Rex Bell (born George Francis Beldam; October 16, 1903 – July 4, 1962) was an American actor and politician. Bell primarily appeared in Western films during his career. He also appeared in the 1930 movie True to the Navy, starring Clara Bow; Bell and Bow married the following year.

Bell later became involved in politics with the Nevada Republican Party and was the 21st lieutenant governor of Nevada from 1955 until his death in 1962. He was the second Lieutenant Governor to die in office after Henry C. Davis and as of 2025, he is the most recent to have died in office.

== Early years ==
Rex Bell was born George Francis Beldam in Chicago, Illinois on October 16, 1903.

==Film career==
Bell made his film debut in Wild West Romance in 1928, and went on to act in a number of films, mostly Westerns, in which he had the lead role. Fox Film executives were reported to be grooming Bell to be a successor to Tom Mix. He left the movie industry in 1936, although he had generally small roles in a few later films.

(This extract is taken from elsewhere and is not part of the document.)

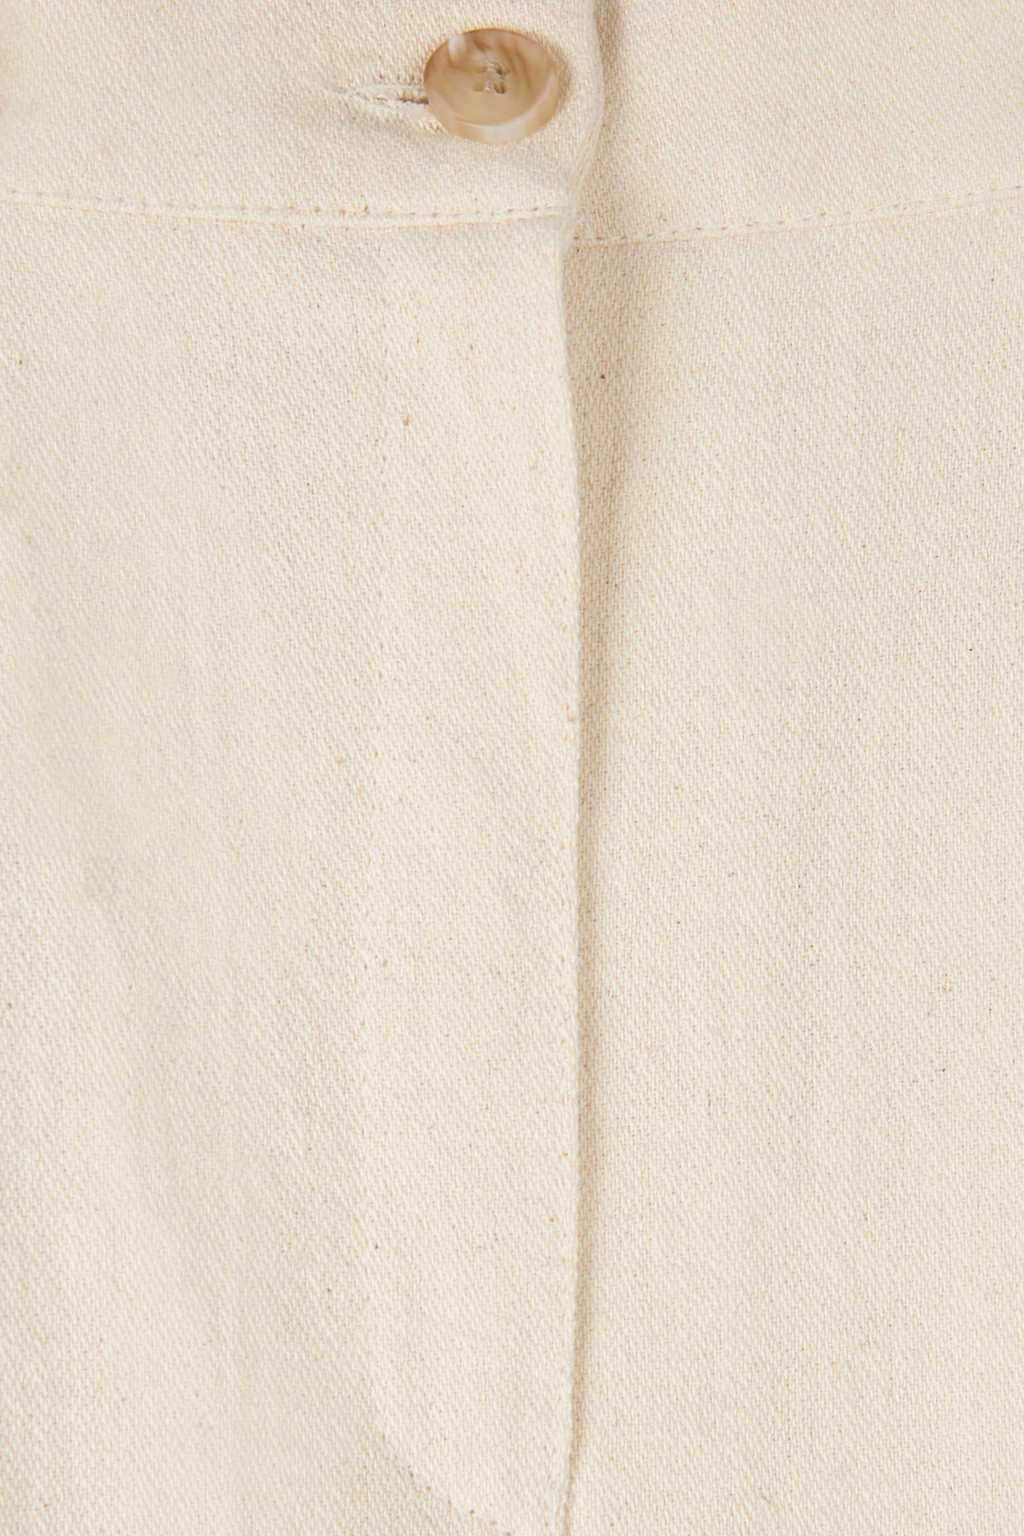 Skirt K006 Cream 6

In 1931, Bell and his wife, actress Clara Bow, founded the Walking Box Ranch, at Searchlight, Nevada.

His final film appearance was an uncredited but very prominent role as a loquacious old cowboy in a bar and attending a rodeo in John Huston's The Misfits (1961) starring Clark Gable and Marilyn Monroe.

==Political career==

In 1944, Bell ran for the United States House of Representatives on the Republican ticket against Democrat Berkeley Bunker. The Nevada State Journal commented on November 1: "He has made friends where ever he appeared, but consensus is that the time is too short to overcome a handicap of not being so well known as his opponent". The election was held November 7, and Bell got 19,096 votes while Bunker received 36,648.

Bell was the leader of the Nevada Republican Party and in 1948 was an alternate to the Republican National Convention. He was also active in the Nevada Chamber of Commerce and Boy Scouts.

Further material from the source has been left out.